HRS § 709-906(1) states:
§ 709-906 Abuse of family or household members; penalty. (1) It shall be unlawful for any person, singly or in concert, to physically abuse a family or household member or to refuse compliance with the lawful order of a police officer under subsection (4). The police, in investigating any complaint of abuse of a family or household member, upon request, may transport the abused person to a hospital or safe shelter.
For the purposes of this section, " family or household member" means spouses or reciprocal beneficiaries, former spouses or reciprocal beneficiaries, persons in a dating relationship as defined under section 586-1, persons who have a child in common, parents, children, persons related by consanguinity, and persons jointly residing or formerly residing in the same dwelling unit.
Inflicting scratches on a neck and arms constitutes physical abuse within the meaning of HRS § 709-906.

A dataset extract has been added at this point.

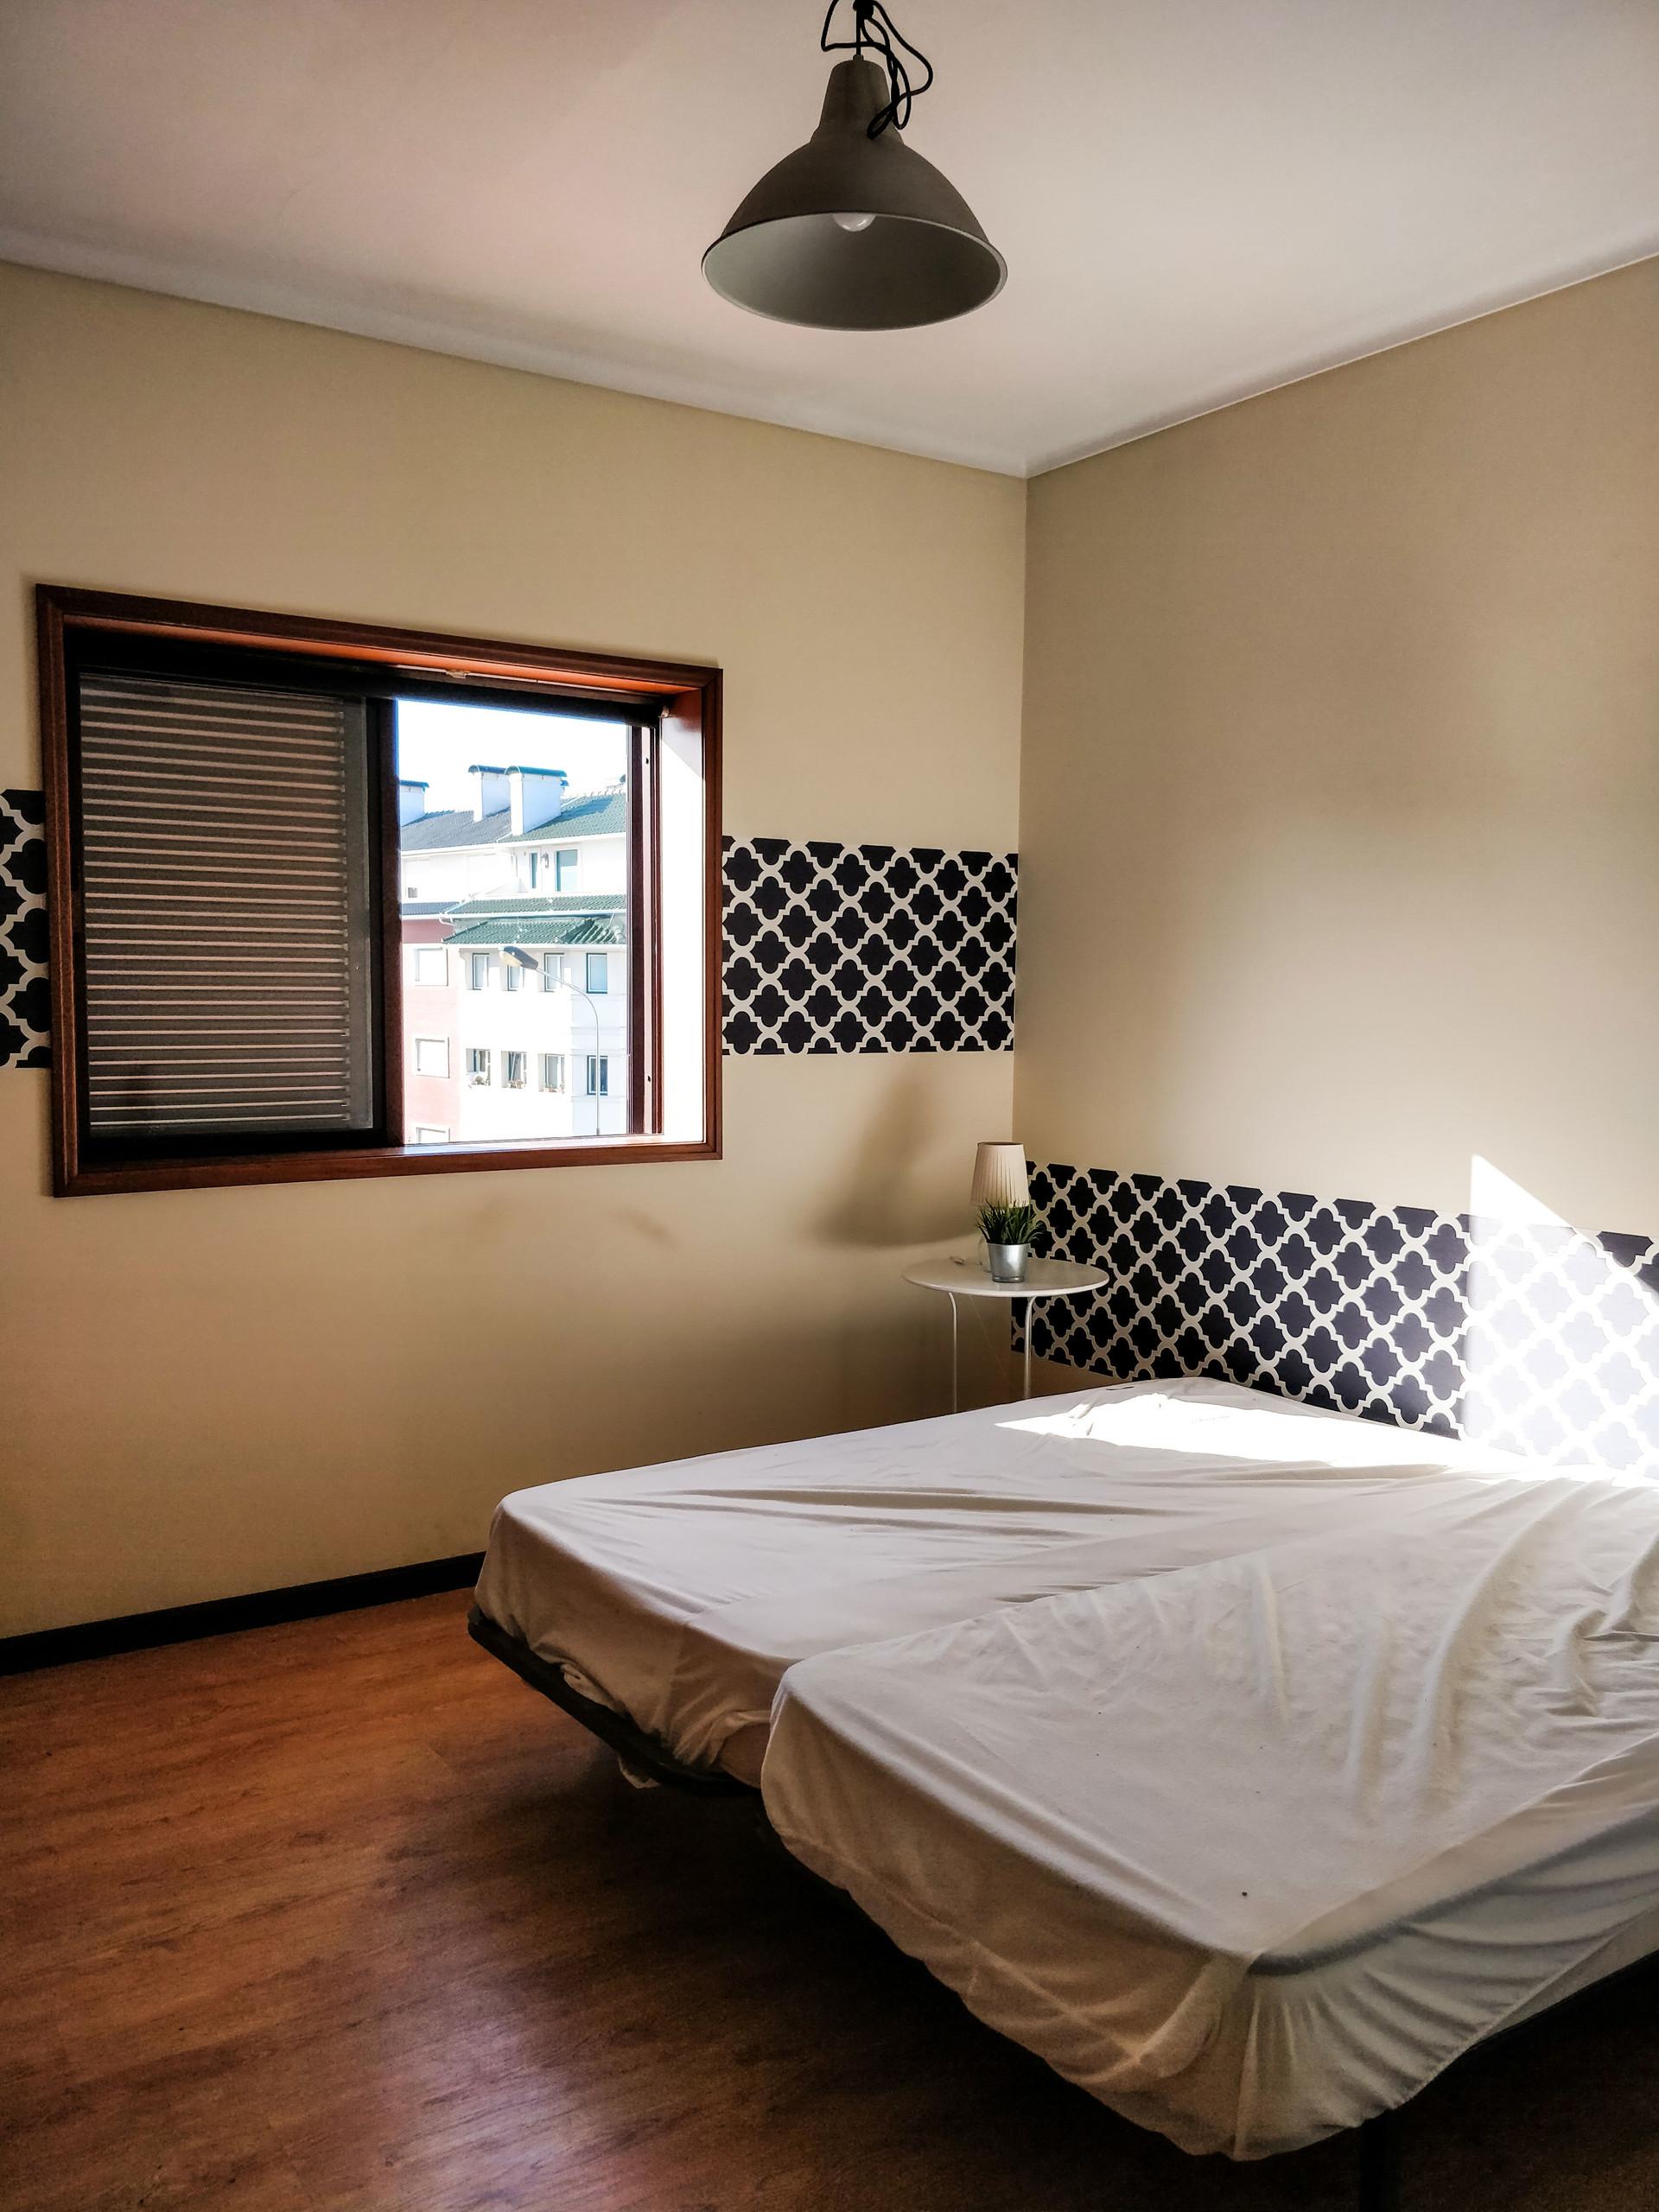 two-rooms-university-aveiro-33679af99e8f680d59f1f0870d0030c3

State v. Cordero, 106 Hawai'i 381, 386 n.5, 105 P.3d 258, 263 n.5 (App. 2004). " Except as provided in section 702-212, a person is not guilty of an offense unless the person acted intentionally, knowingly, recklessly, or negligently, as the law specifies, with respect to each element of the offense. When the state of mind required to establish an element of an offense is not specified by the law, that element is established if, with respect thereto, a person acts intentionally, knowingly, or recklessly." HRS § 702-204 (1993). " [T]he mind of an alleged offender may be read from his acts, conduct and inferences fairly drawn from all the circumstances." State v. Stocker, 90 Hawai'i 85, 92, 976 P.2d 399, 406 (1999) (citations and block formatting omitted).

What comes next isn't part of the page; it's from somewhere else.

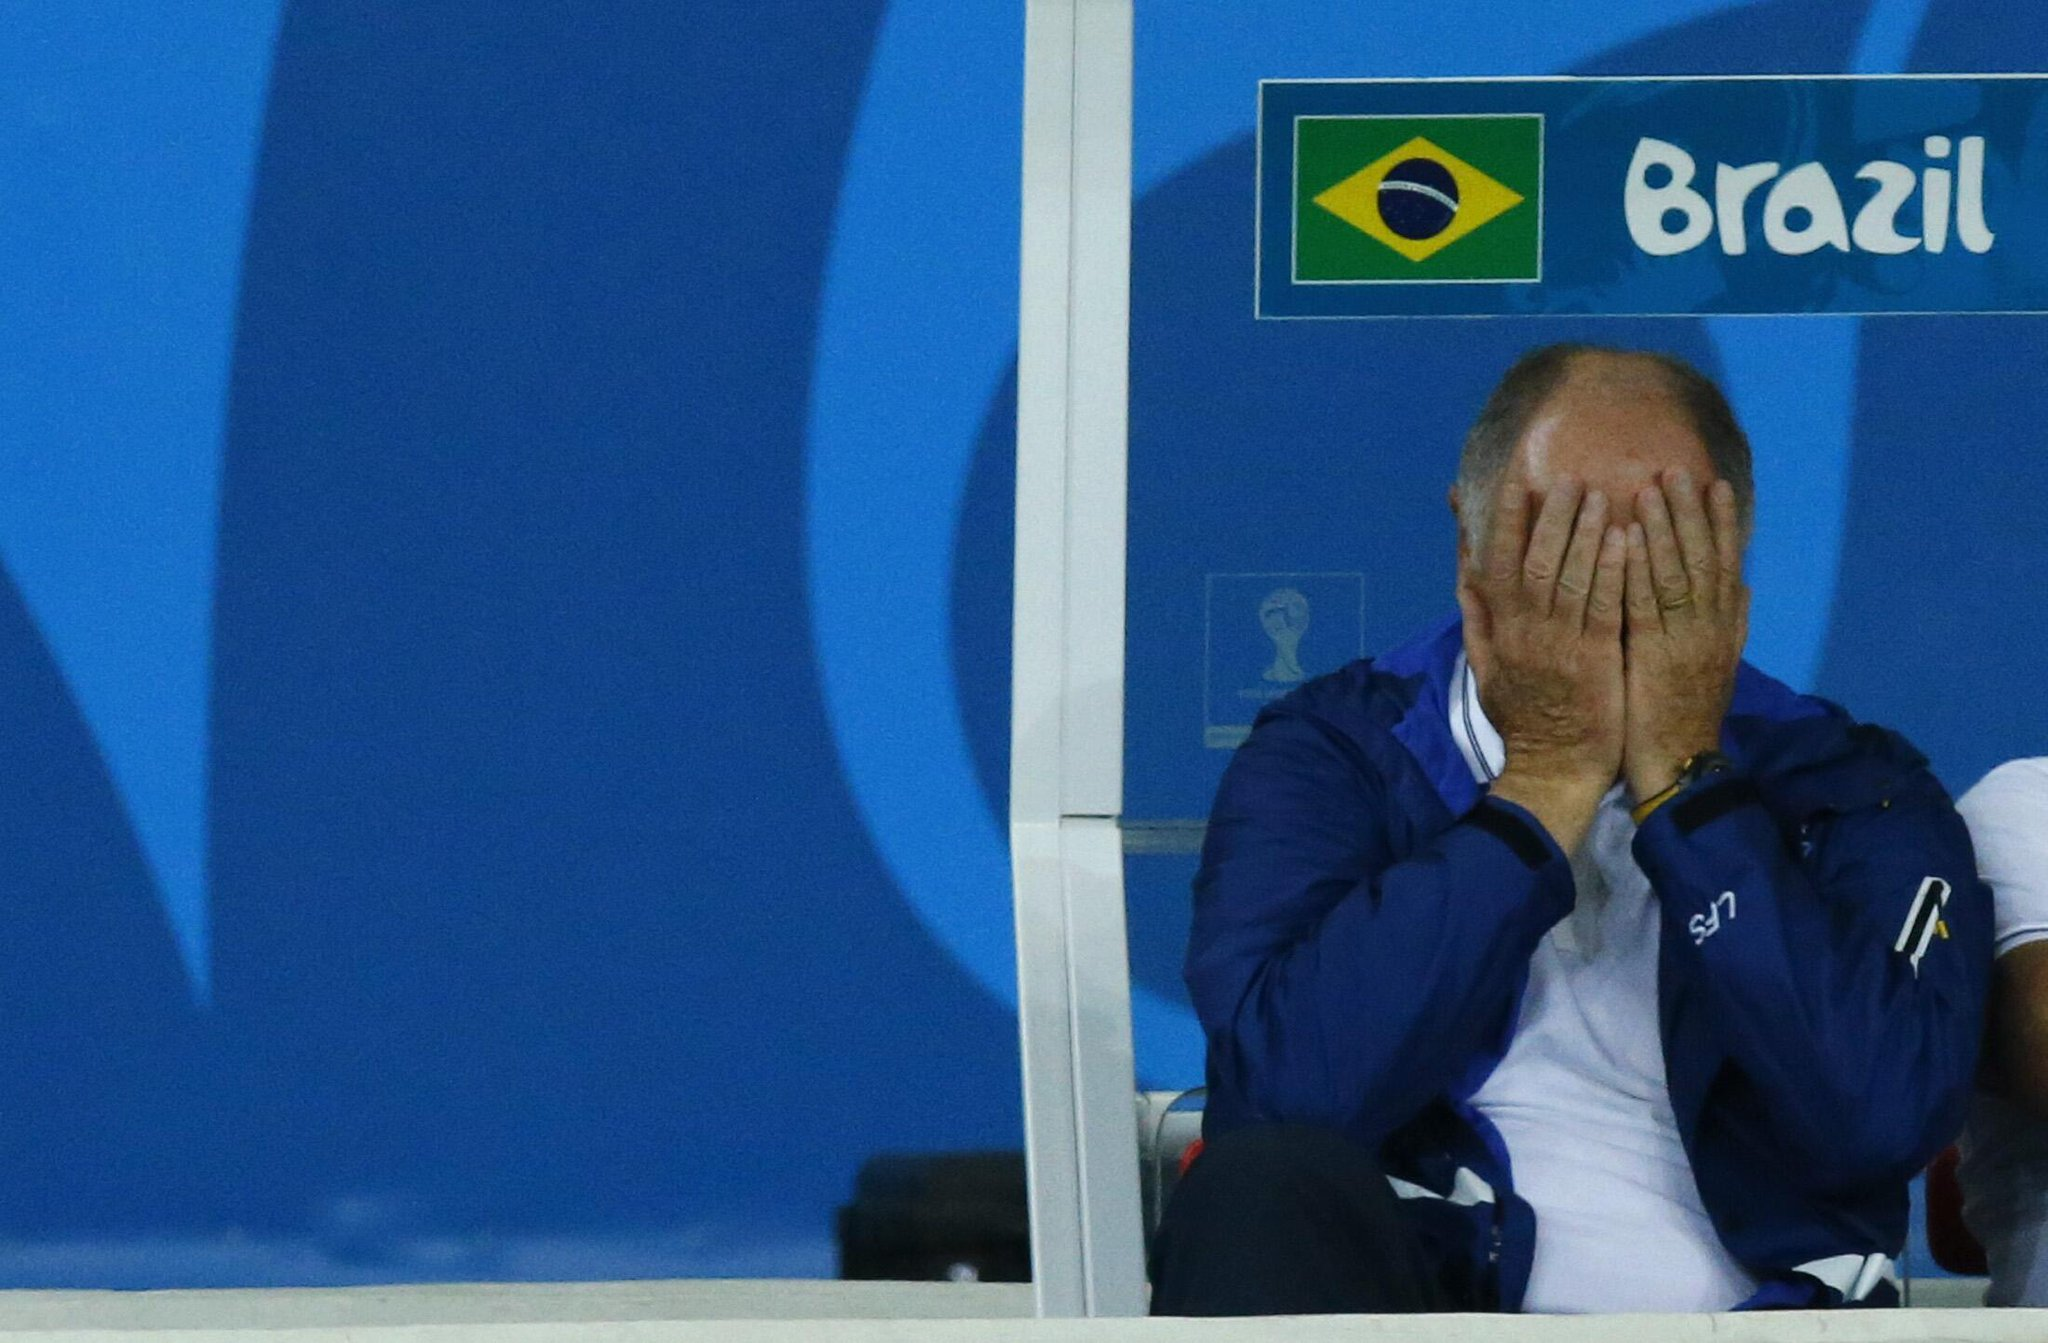 David Luiz, Dari Harapan Menjadi Makian di Laga Brasil vs Jerman - berita Internasional Piala Dunia

The prosecution presented the testimony of the complaining witness who testified as follows: Gilcrease had a child with the complaining witness. On the evening in question, Gilcrease became upset with the complaining witness when she would not show him her phone. When the complaining witness attempted to hide the phone in a different place, Gilcrease saw this and attempted to, and eventually did, remove it from her hands during a struggle for the phone. In the process, Gilcrease scratched the hands of the complaining witness as depicted in State's Exhibits 1 and 2. From the acts, conduct, and inferences fairly drawn from all the circumstances, Gilcrease did intentionally, knowingly, or recklessly scratch the complaining witness in an attempt to forcibly remove her phone from her hands. Therefore, there was sufficient evidence that Gilcrease acted with the requisite intent to commit Abuse of Family or Household Member.
HRS § 708-823(1) states:
§ 708-823 Criminal property damage in the fourth degree. (1) A person commits the offense of criminal property damage in the fourth degree if by means other than fire, the person intentionally or knowingly damages the property of another without the other's consent.

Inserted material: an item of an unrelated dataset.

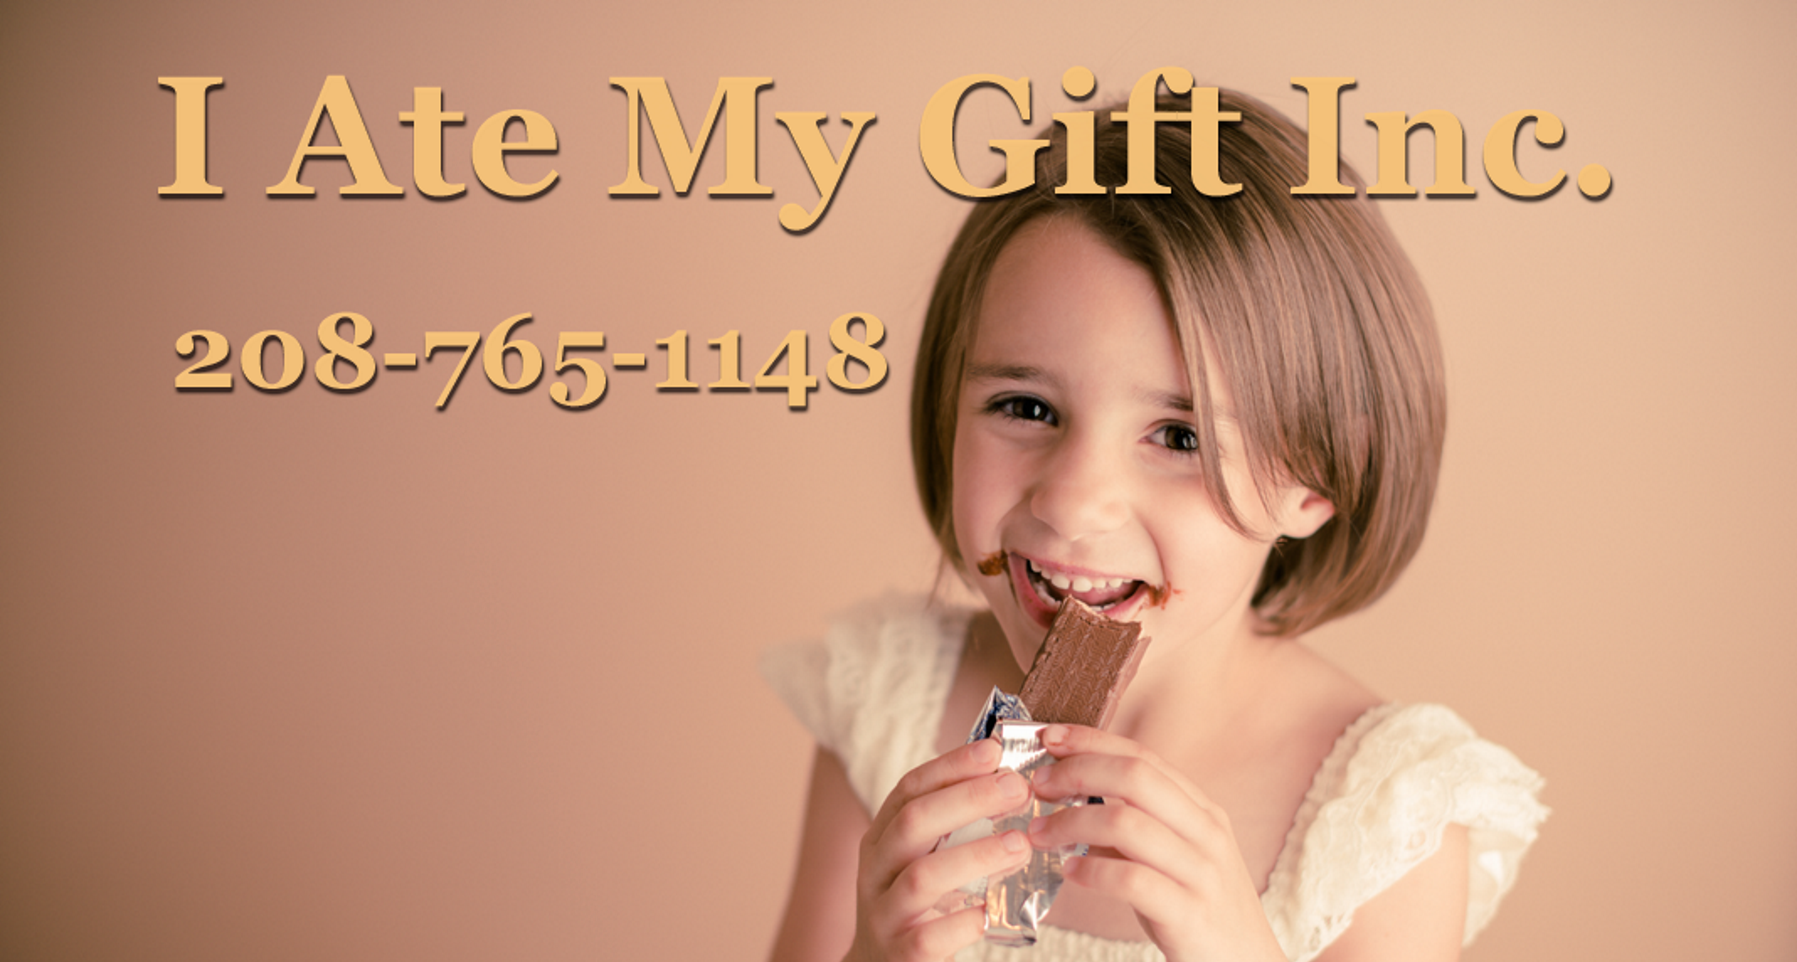 I Ate My Gift Inc.

The complaining witness testified that, after Gilcrease took the complaining witness's phone, he exited her vehicle and kicked the car door to close it, causing a dent. Gilcrease appeared to be walking away. However, Gilcrease ran back to the vehicle, yelled at the complaining witness, hit her in the face, and punched the vehicle's compact disc (CD) player which broke it. From the acts, conduct, and inferences fairly drawn from all the circumstances, the evidence supported the conclusion that Gilcrease did intentionally or knowingly damage the complaining witness's car door and/or CD player. Therefore, there was sufficient evidence that Gilcrease acted with the requisite intent to commit Criminal Property Damage in the Fourth Degree.
IT IS HEREBY ORDERED that the Judgment Guilty Conviction and Sentence, entered on October 12, 2012 in the Family Court of the Third Circuit is affirmed.